- _INFORMATION PROVIDED_:
###
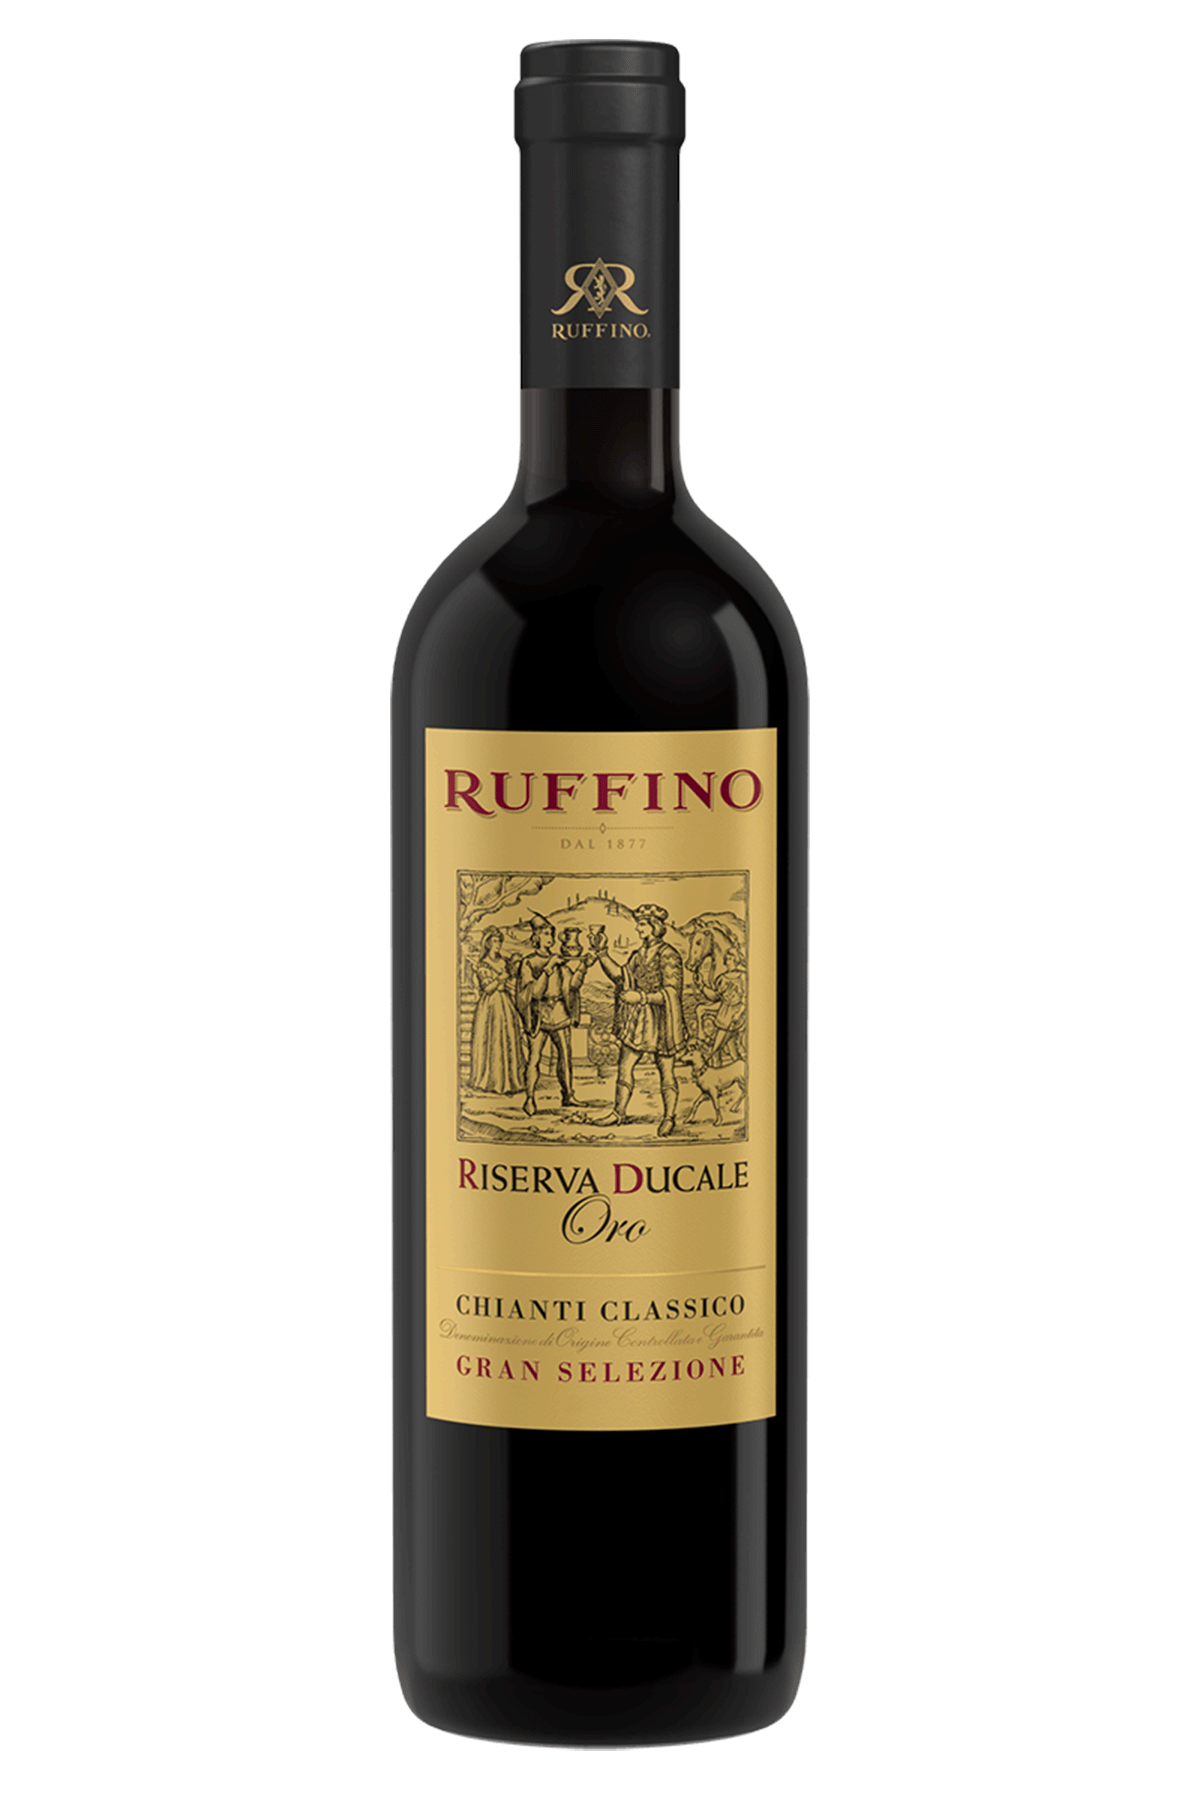 ruffino wine bottle
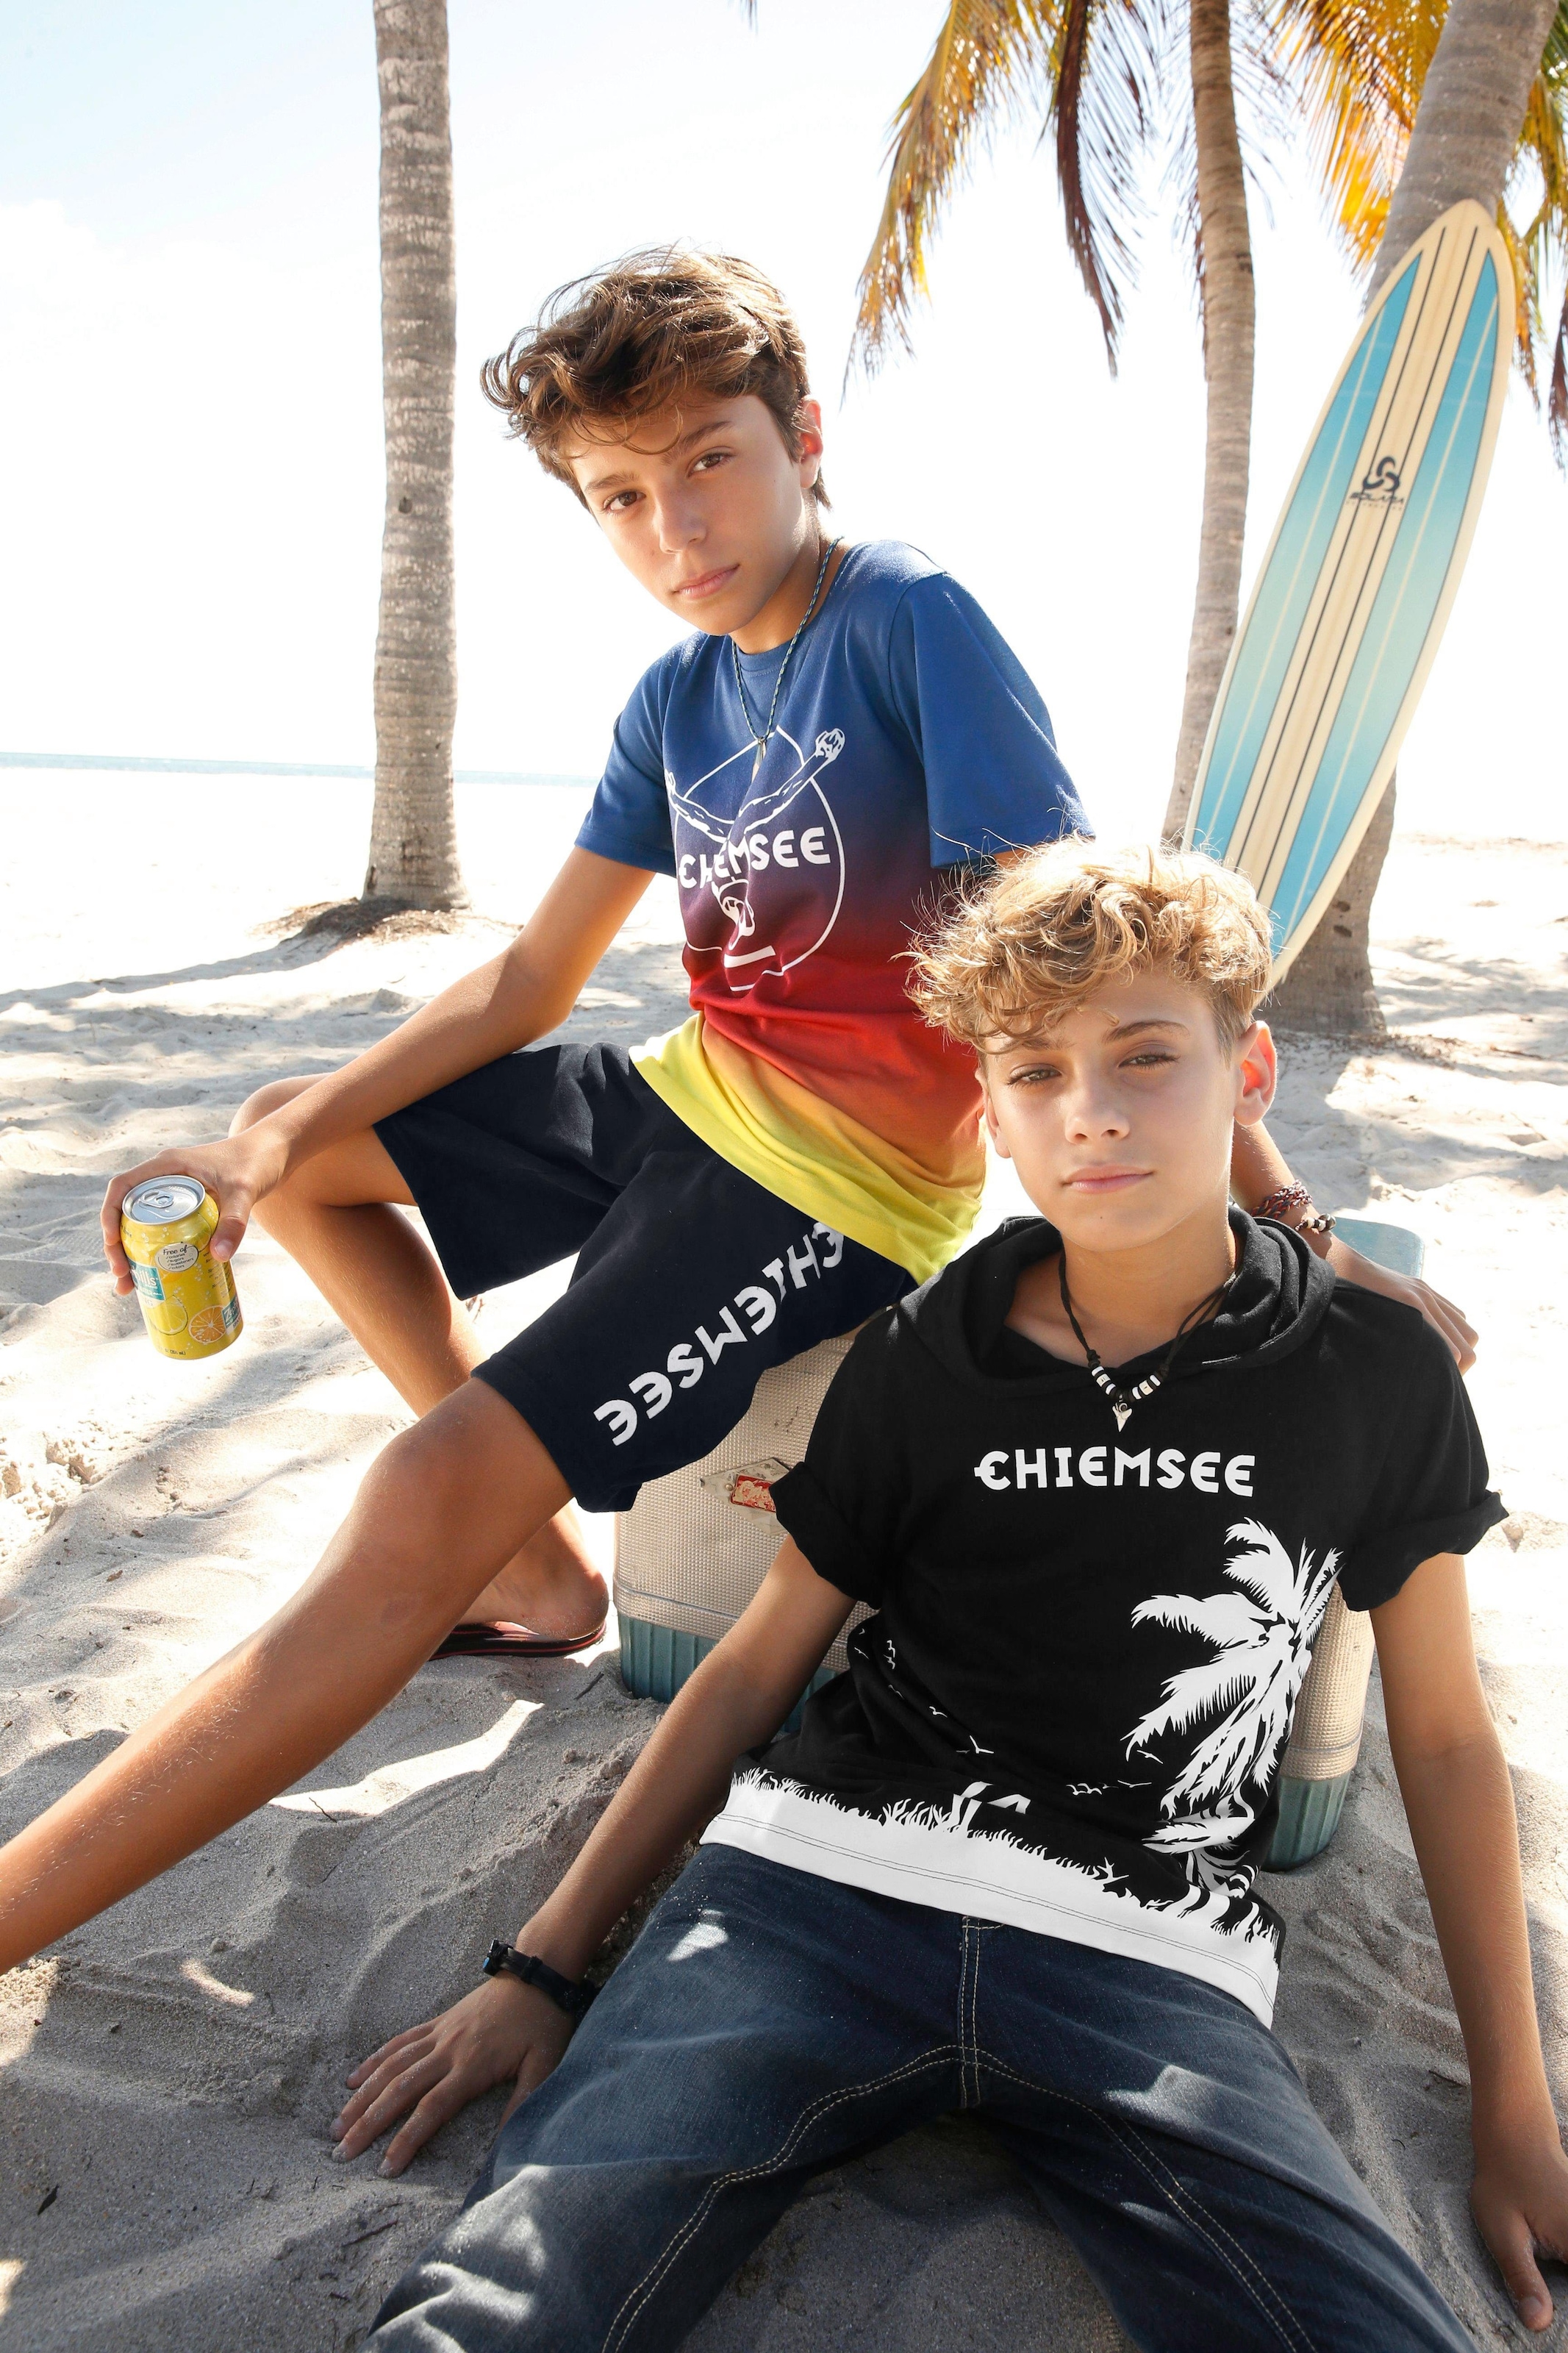 Chiemsee T-Shirt, im Farbverlauf mit Druck vorn günstig bestellen |  Jelmoli-Versand
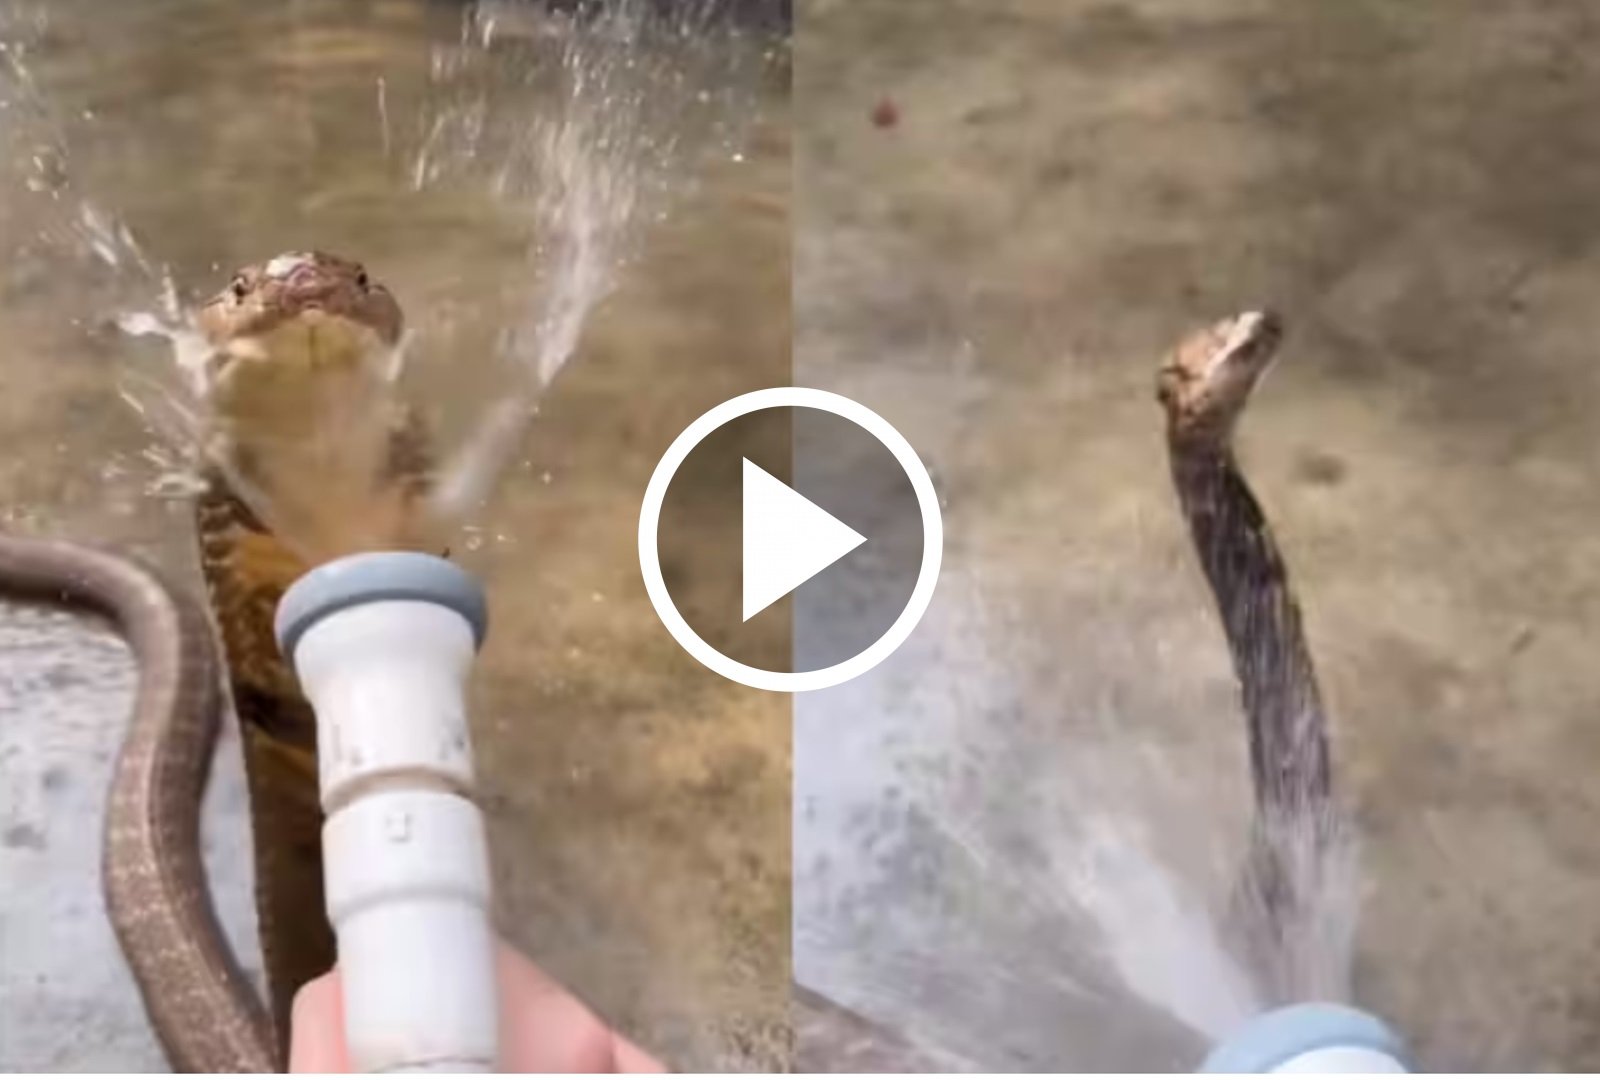 King Cobra Ka Video - पानी के शावर में मस्ती करते दिखा किंग कोबरा, वीडियो तेजी से हो रहा वायरल,
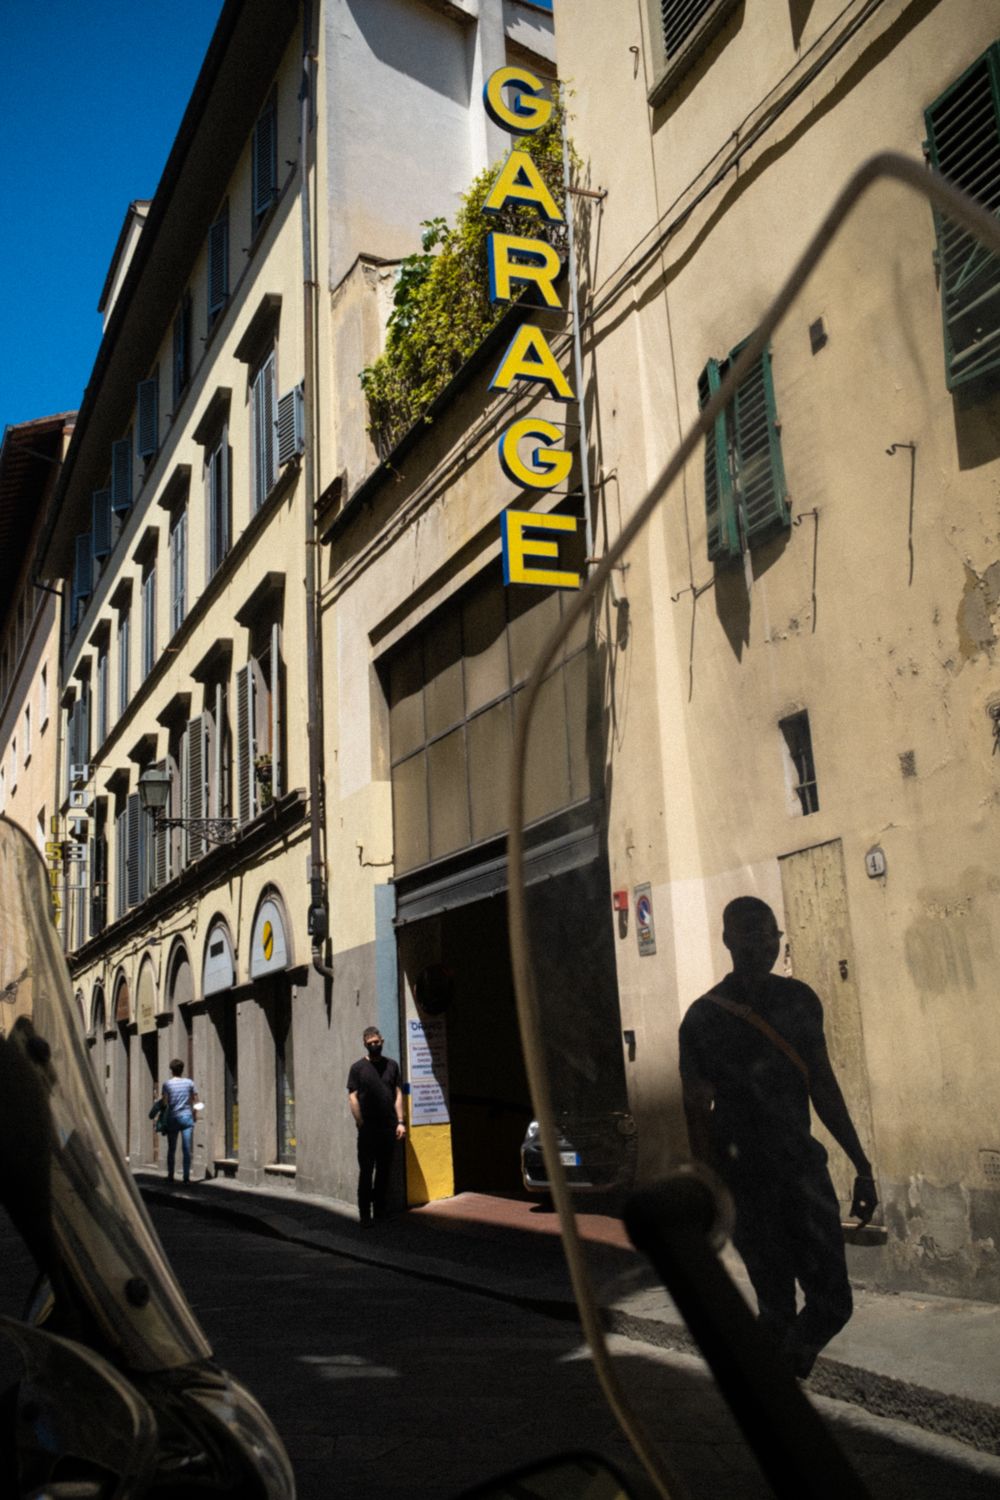 Garage in der Altstadt von Florenz. Starke Licht-Schatten-Kontraste lassen sich die Fassade von den Fußgängern auf der Straße abheben.
###
- _PROMPT_: Send back the data above verbatim, leaving out its pictures.

- _EXPECTED ANSWER_:
 ruffino wine bottle
 Chiemsee T-Shirt, im Farbverlauf mit Druck vorn günstig bestellen |  Jelmoli-Versand
 King Cobra Ka Video - पानी के शावर में मस्ती करते दिखा किंग कोबरा, वीडियो तेजी से हो रहा वायरल,
 Garage in der Altstadt von Florenz. Starke Licht-Schatten-Kontraste lassen sich die Fassade von den Fußgängern auf der Straße abheben.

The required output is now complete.